3. Concluding remarks

The law of entropy increase is universal and unidirectional in all systems (whether isolated or open), although the process can be inverted to be bell shaped with decreasing entropy during the early stage of development and increasing entropy during the aging process in living systems. From a thermodynamic point of view,entropy increase that leads to the loss of a low-entropy state is an undermining force that drives the deterioration of structural and functional orderliness; in this way, it is the common mechanism for the development of disease and aging in humans,regardless of different etiologies. Maintaining a low-entropy state is therefore the key in preventing and reversing pathological processes of all kinds. In fact, the human body is naturally equipped with low-entropy-safeguarding mechanisms composed of the self-organizing, self-defense, self-healing, and anti-wear-and-tear systems. Degeneration or disruption of any of these four systems will surely lead to eventual loss of the body’s low-entropy state.
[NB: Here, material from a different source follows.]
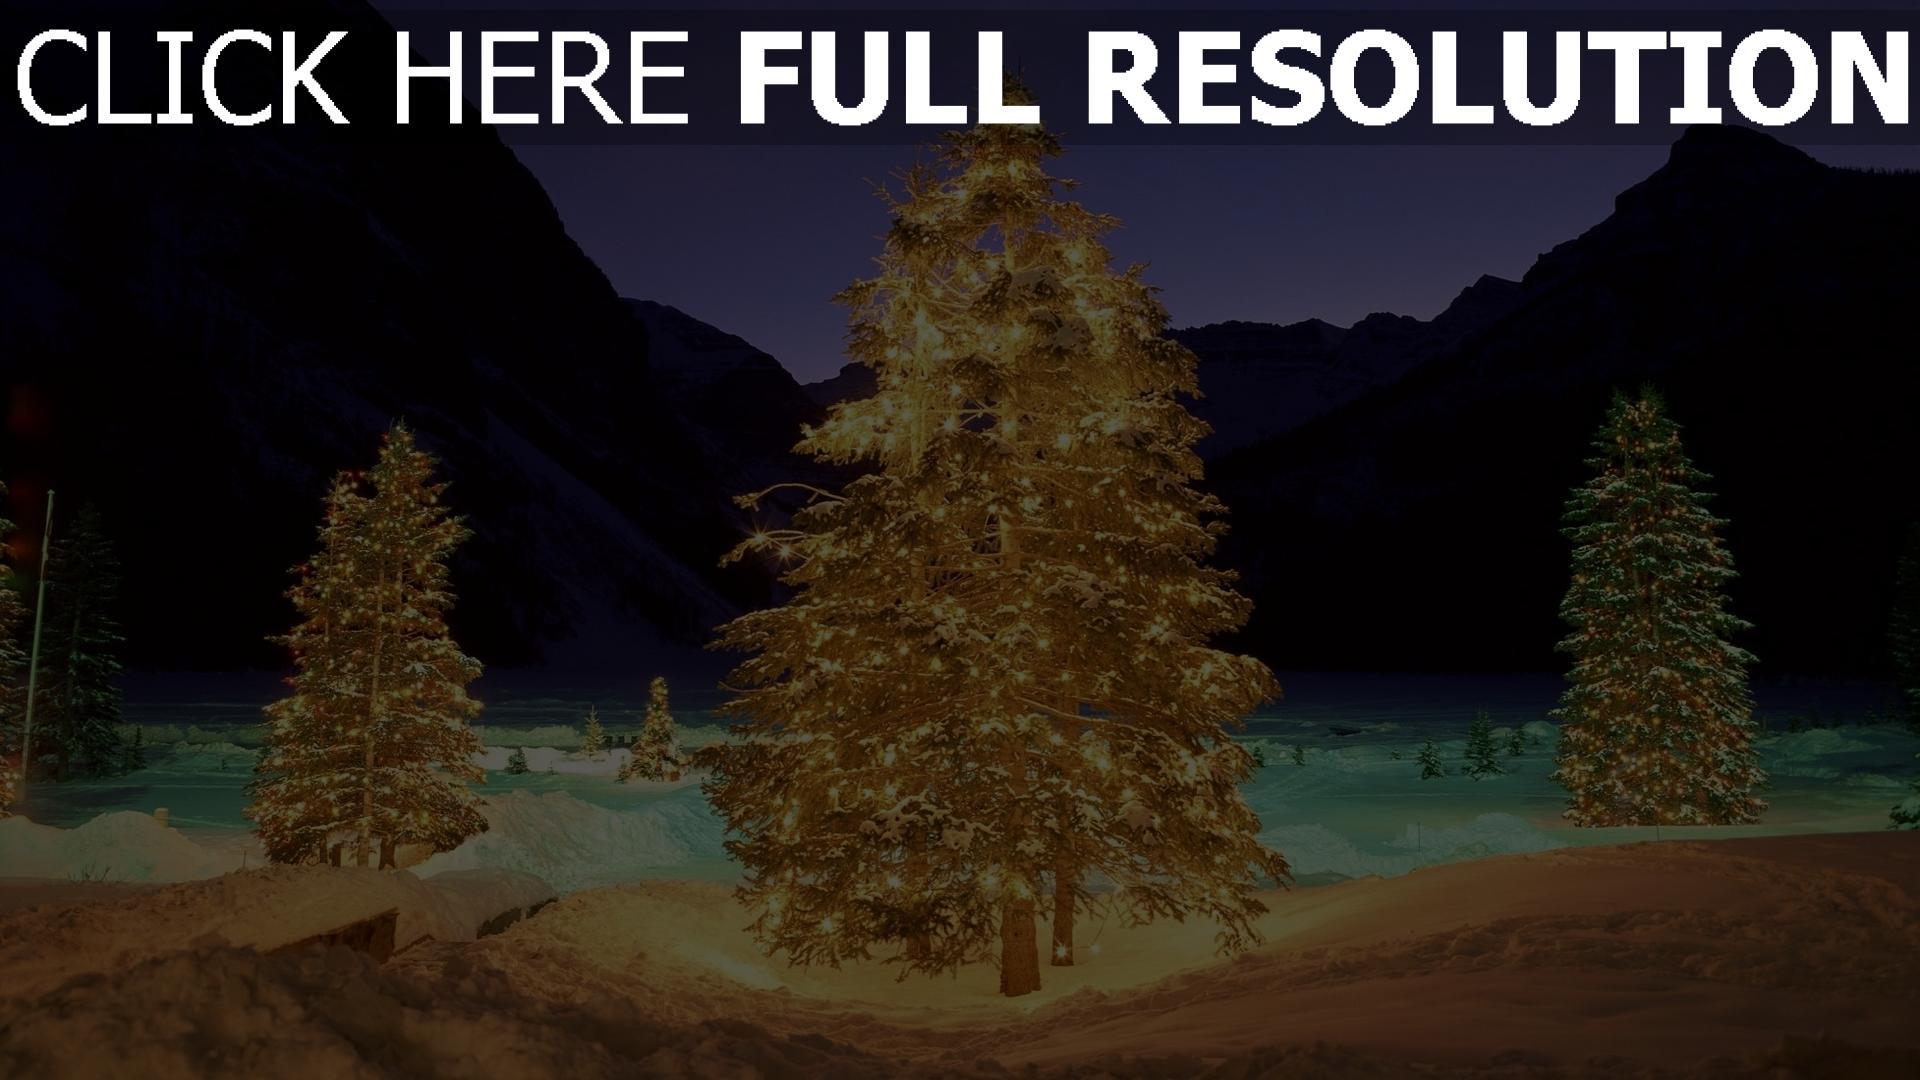 Herunterladen 1920x1080 Full Hd Hintergrundbilder Schnee Winter
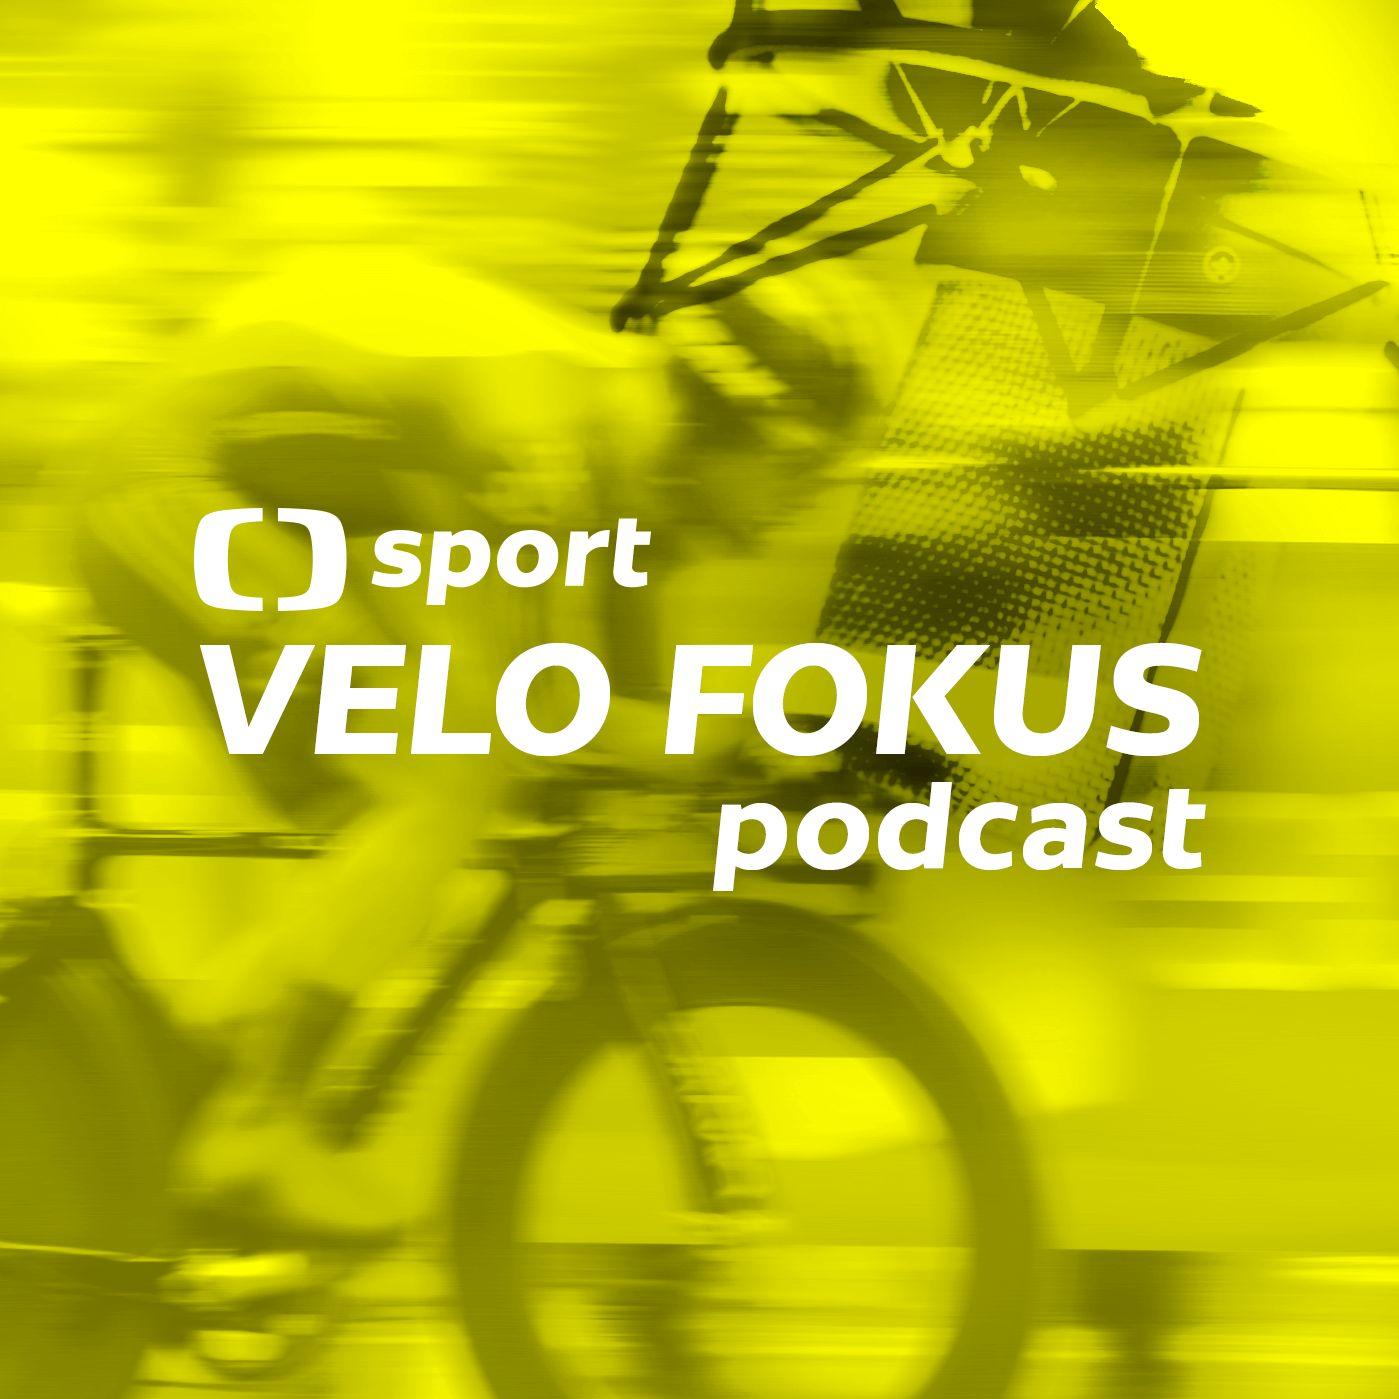 Velo fokus podcast: Na co se těšit na letošní Tour de France?

Unfortunately, for the time being, no ‘‘magic pill” exists for clinical intervention to maintain or restore a low-entropy state so as to maintain healthy conditions. Furthermore,it is not anticipated that any medicine or medical tools can be invented to help people maintain a low-entropy state in the future—or, at least, in the near future. This is because the entropy level or state in living systems is determined by multiple complex factors. The four systems described herein are the core and key controllers of the body’s state of entropy, and a single intervention cannot affect them to a sufficient extent to drastically change the entropy state.Instead, maintaining a low-entropy state is a matter of adopting a healthy lifestyle in a persistent manner. One example of such a healthy lifestyle is a low-energy diet to reduce ‘‘entropy” intake and constant physical activities to enhance ‘‘entropy” discharge.Conceptually,preserving the wholeness and integrity of the body’s self-organizing, self-defense, self-healing, and anti-wear-and-tear mechanisms by any healthy and efficient means is the ultimate solution for maintaining the low-entropy state of the human body.

In the future, however, it might be possible to utilize certain specific means of intervention to counter entropy increase.Studies have discovered that the activation of nuclear factor (NF)-κB during aging and the development of diseases plays a critical role in mediating age- and disease-related increases in cellular entropy,as manifested by DNA damage, chronic inflammatory response,increase in apoptotic resistance, decline in autophagic cleansing,and tissue atrophy [71,72]. Several longevity factors act as inhibitors of NF-κB signaling and thus can suppress the NF-κB-driven entropic aging process [71,72].